Former Vietnam combat medic Doug Peacock sat with Ed through that long last night and said that his old friend's passing was the bravest dying he'd ever witnessed.

David Petersen -- Confessions of a Barbarian

Find a free range bull and stick your lies about Abbey up the bull's ass...there to join your understanding about environmentalism and the West.
posted by fold_and_mutilate at 12:26 PM on September 26, 2002


foldy: amen to that. Just glad you're on our team.
posted by gottabefunky at 1:27 PM on September 26, 2002


Yeah, good to have you on the team, foldy, but Jesus - I thought this was supposed to be Coulterfilter, not Abbeyfilter...
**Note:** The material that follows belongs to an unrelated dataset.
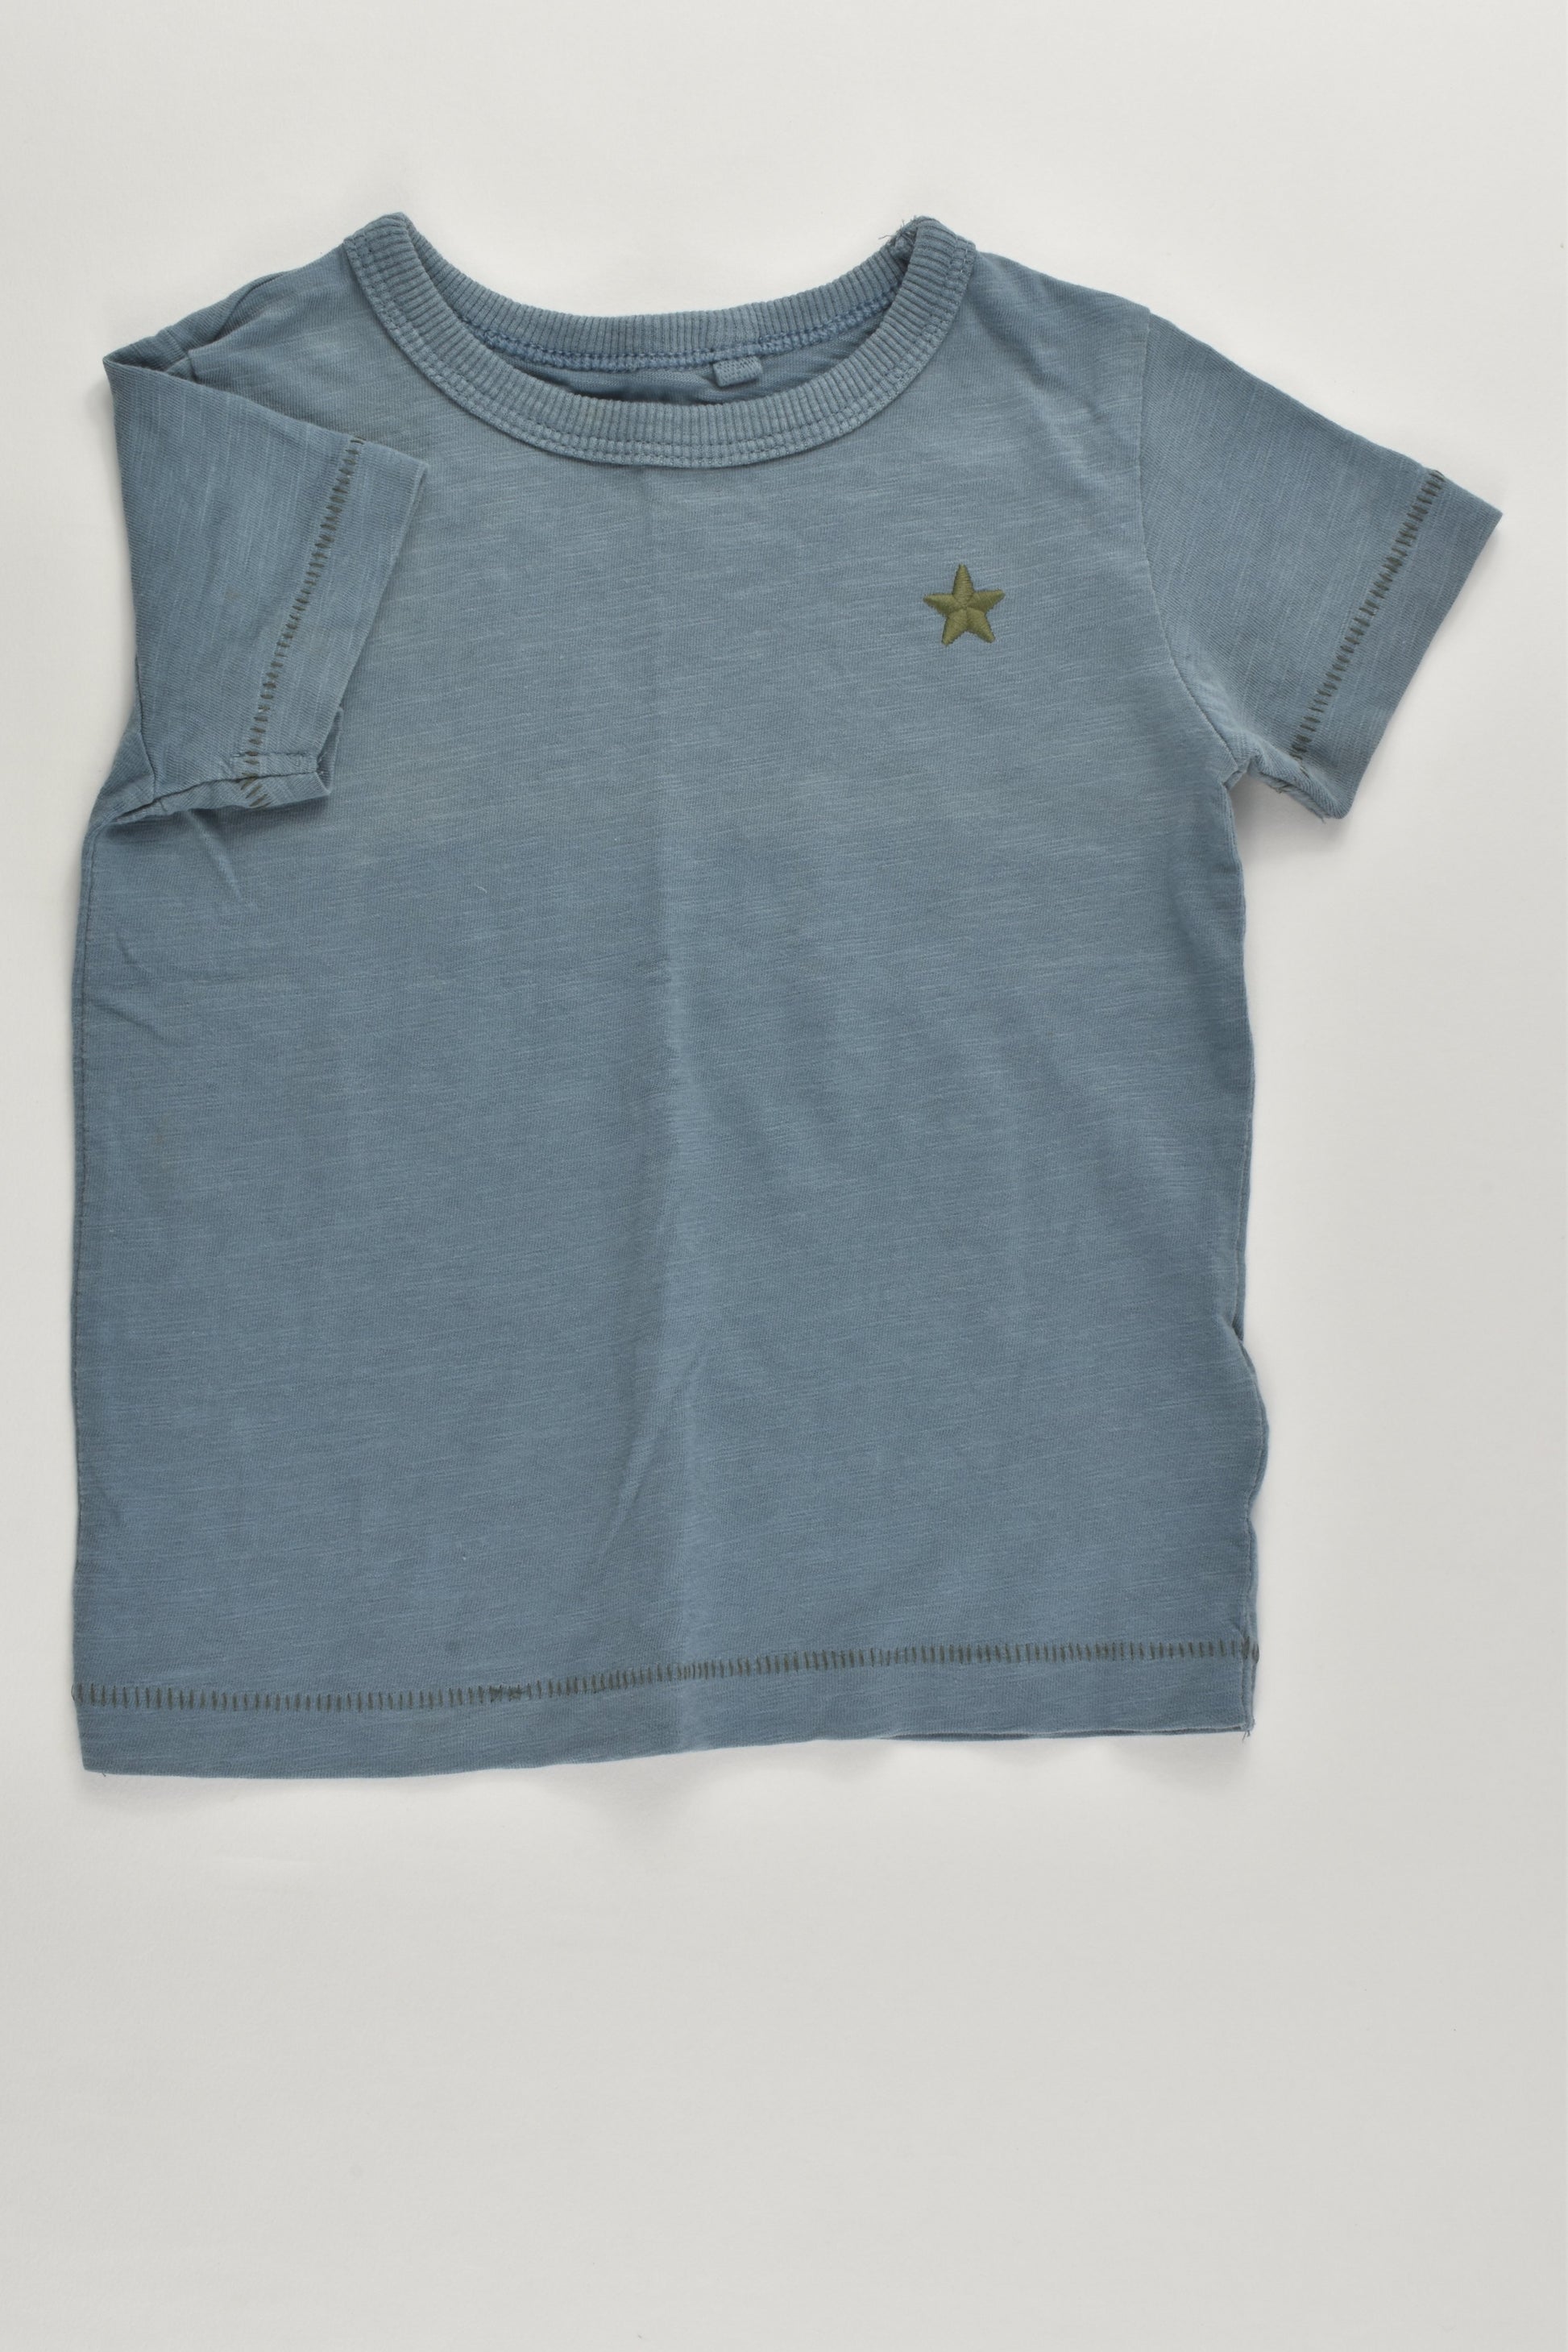 Next Size 0 (6-9 months) T-shirt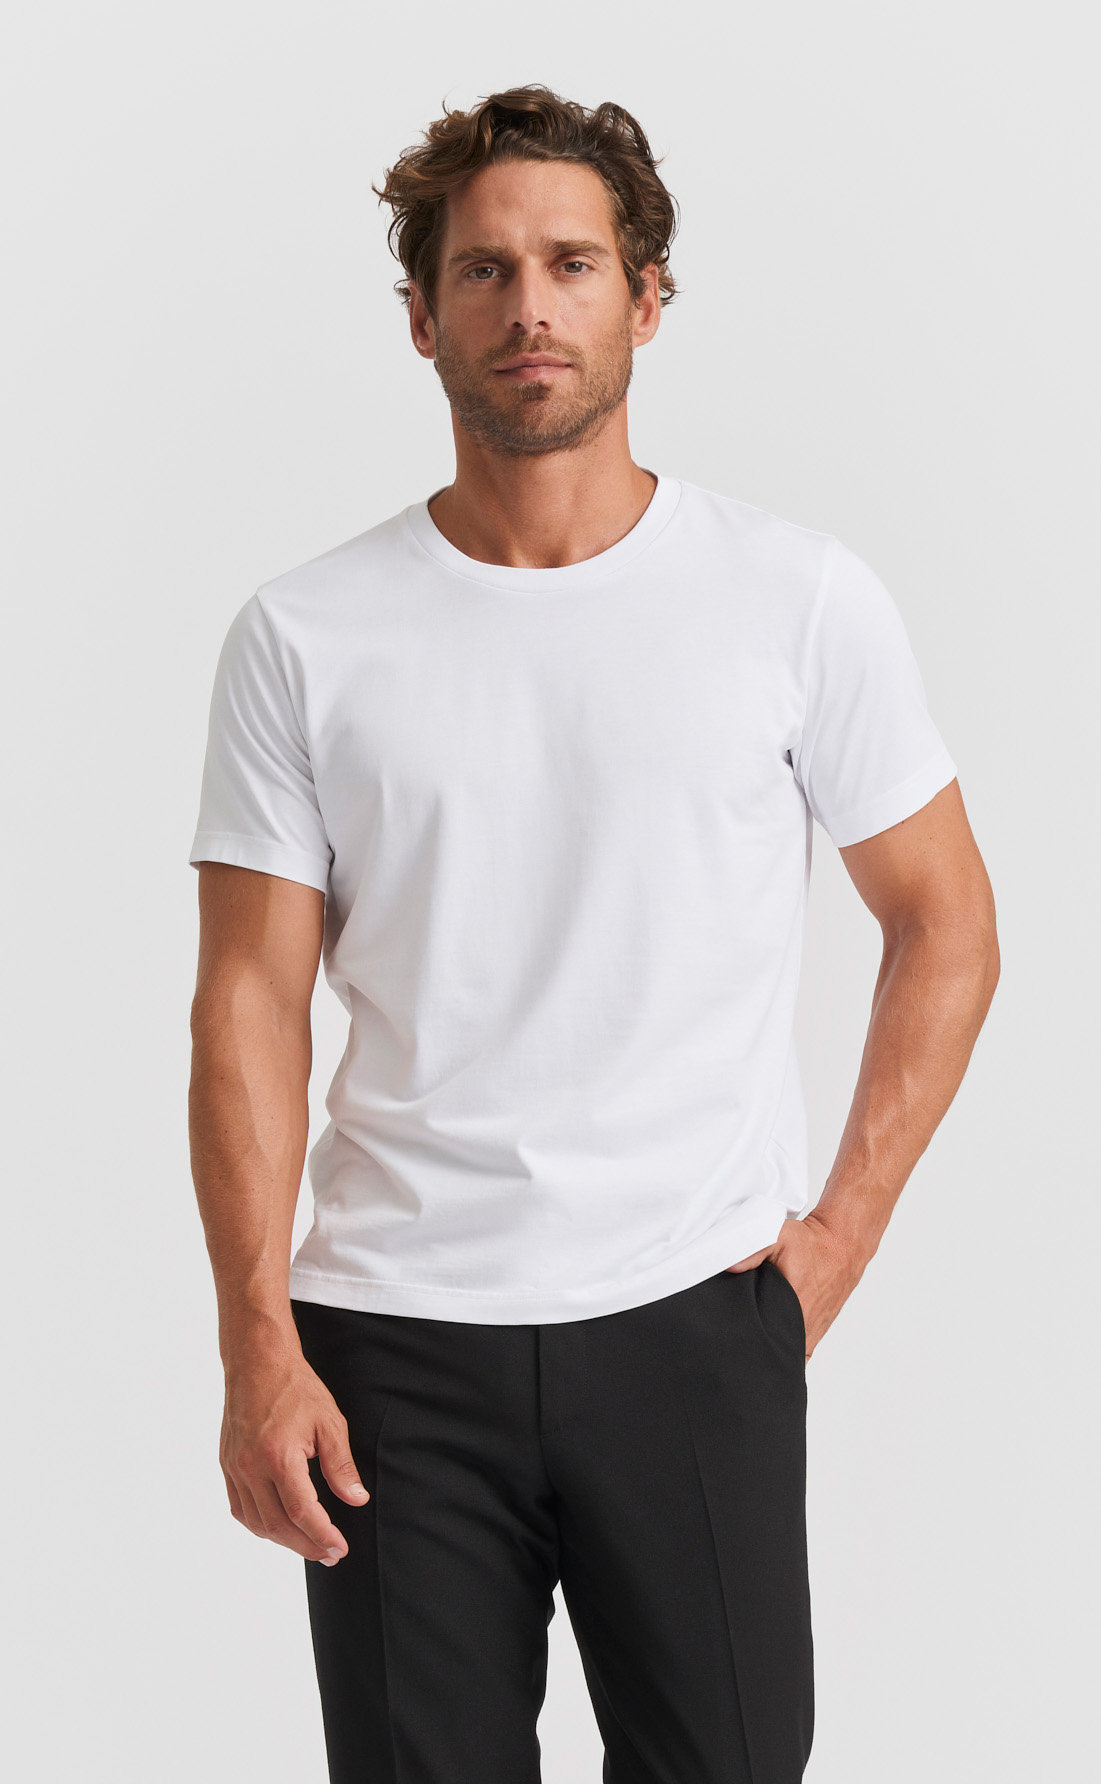 Layered T-Shirt Style

Oh yeah, and for the record I'm against the practice of sticking lies or anything else up bull's asses. Unless of course they ask you.
posted by soyjoy at 1:39 PM on September 26, 2002


As someone who actually lives in areas affected by the ranching issues raised here, I'm trying very hard not to bait Mr and Ms California, or Mr and Ms New York into an argument about the real people that any of these proposed common land use changes effect. I'll simply ask, what plans do any of you have for the foothills at the base of Trapper peak? When is the next time any of you have a picnic planned for the area just west of Broadus?

Two things: I'm not defending ranching. One of my very best friends is a riparian biologist and I'm well aware of the damaging effects of cattle. I just find it amusing that there are those who, in the public's name, are willing to tyrannize real people, for the sake of public lands they never will see, or be in any way affected by. You're talking about people having to sacrifice a life style, for the greater good of all. But it comes with a lot of real pain. Have some sympathy, will you, before we are blithely divided into "teams".

Two: Lets not mythologise Ed Abbey. He had a lot to teach us, but he's dead. We have to deal with these things now, and creating fantasies about his power isn't going to help. I was there when he spoke in Missoula (as referenced above). Though he made good points about Western Cowboy Mythology, he seemed to be deliberately inciting the crowd. I guess Fame is a harsh mistress, but not so much when you are deliberately dissing many people's reason for being. And I call bullshit on the gunfire in the parking lot. Never happened.